I agree. If you turned a random human into a god, or a random small group of humans into gods, then I would be pretty worried. However, in my scenario, there aren’t going to be single AIs that suddenly become gods. Instead, in my scenario, there will be millions of different AIs, and the AIs will smoothly increase in power over time. During this time, we will be able to experiment and do alignment research to see what works and what doesn’t at making the AIs safe. I expect AI takeof will be fairly diffuse, and AIs will probably be respectful of norms and laws because no single AI can take over the world by themselves. Of course, the way I think about the future could be wrong on a lot of specific details, but I don’t see a strong reason to doubt the basic picture I’m presenting, as of now.
My guess is that your main objection here is that you think foom will happen, i.e. there will be a single AI that takes over the world and imposes its will on everyone else. Can you elaborate more on why you think that will happen? I don’t think it’s a straightforward consequence of AIs being smarter than humans.
My main argument is that we should reject the analogy itself. I’m not really arguing that the analogy provides evidence for optimism, except in a very weak sense. I’m just saying: AIs will be born into and shaped by our culture; that’s quite different than what happened between animals and humans.

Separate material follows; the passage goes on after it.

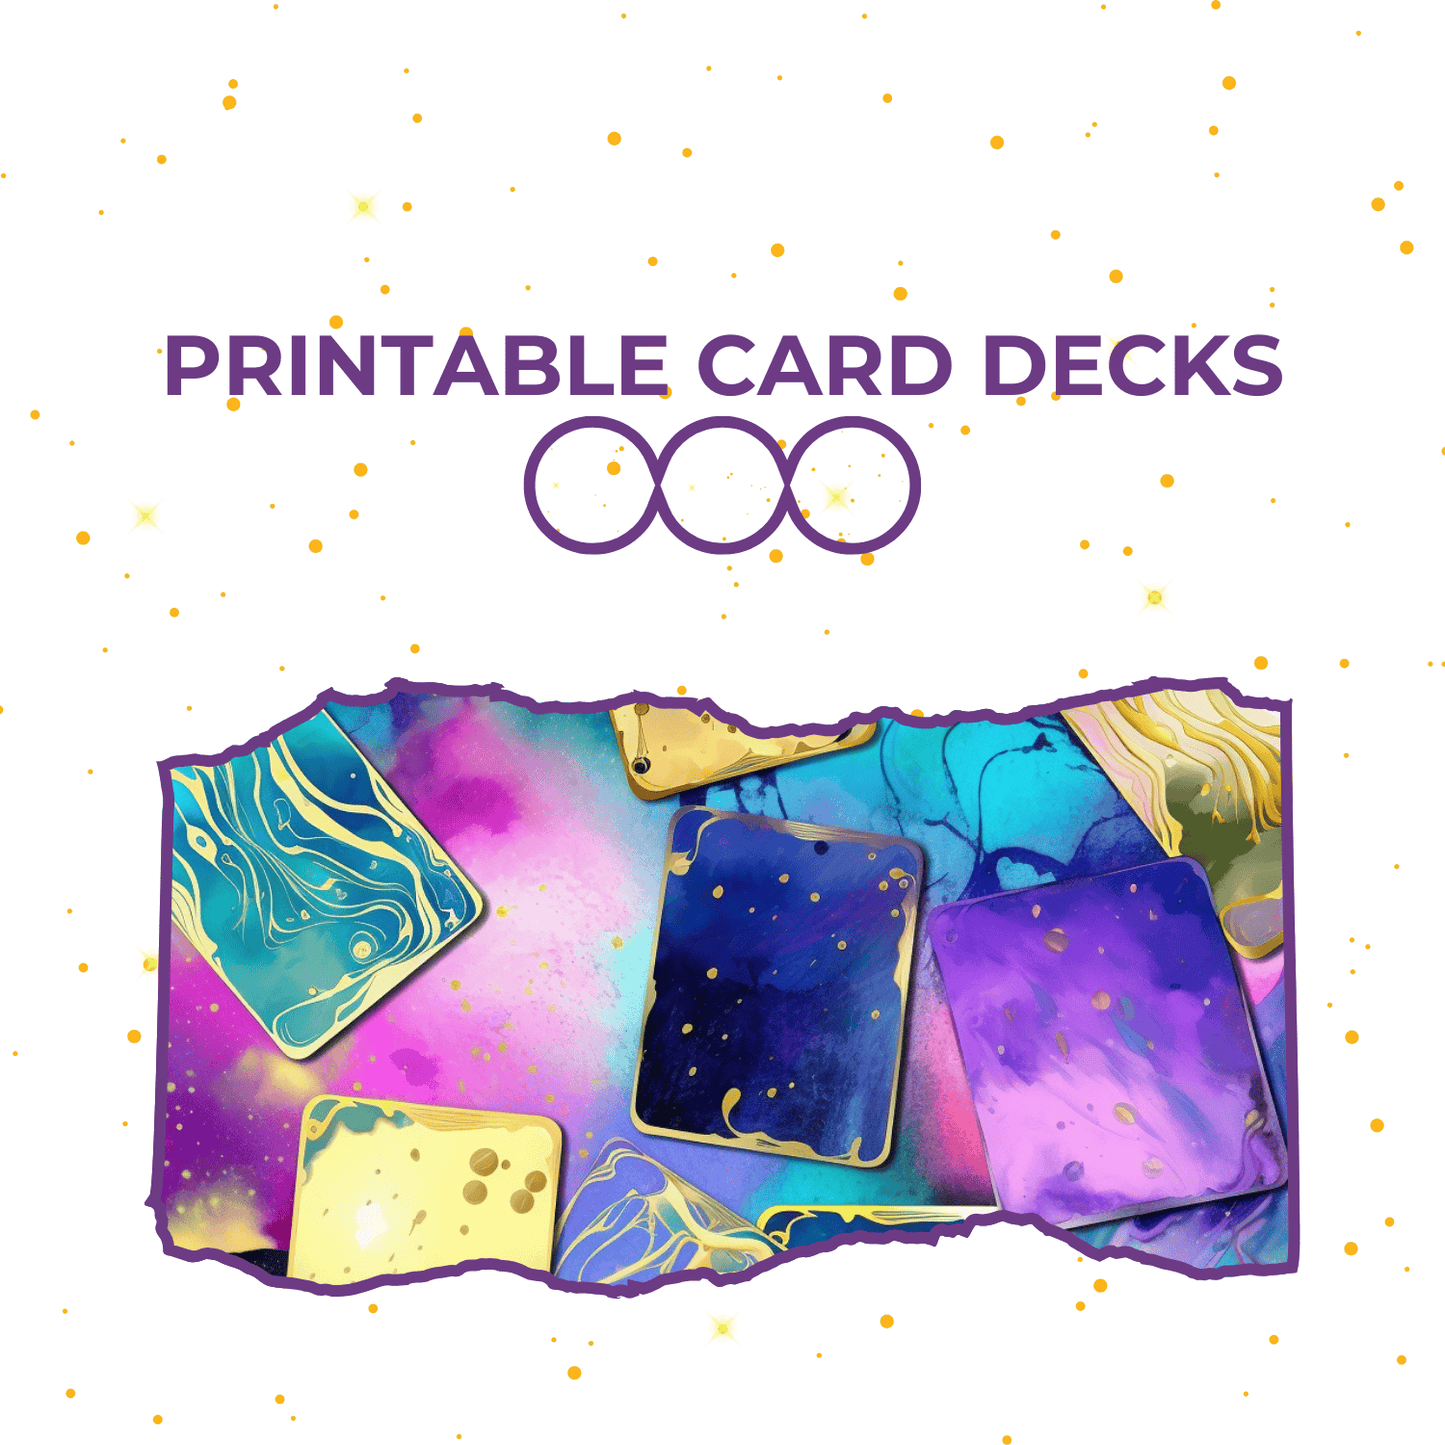 Title image for the Printable Card Decks Category with gold polka dots, purple text, and an image of neon colored swirls and cards tossed on the surface_Polka Dot Patty Shop

Okay so these are two analogies: individual humans & groups/countries.
First off, “surviving” doesn’t seem like the right thing to evaluate, more like “significant harm”/”being exploited ”
Can you give some examples where individual humans have a clear strategic decisive advantage (i.e. very low risk of punishment), where the low-power individual isn’t at a high risk of serious harm? Because the examples I can think of are all pretty bad: dictators, slaveholders, husbands in highly patriarchal societies.. Sexual violence is extremely prevalent and is pretty much always in a high power difference context.
I find the US example unconvincing, because I find it hard to imagine the US benefiting more from aggressive use it force, than trade and soft economic exploitation. The US doesn’t have the power to successfully occupy countries anymore. When there were bigger power differences due to technology, we had the age of colonialism.
Why are we assuming a low risk of punishment? Risk of punishment depends largely on social norms and laws, and I’m saying that AIs will likely adhere to a set of social norms.
I think the central question is whether these social norms will include the norm “don’t murder humans”. I think such a norm will probably exist, unless almost all AIs are severely misaligned. I think severe misalignment is possible; one can certainly imagine it happening. But I don’t find it likely, since people will care a lot about making AIs ethical, and I’m not yet aware of any strong reasons to think alignment will be super-hard.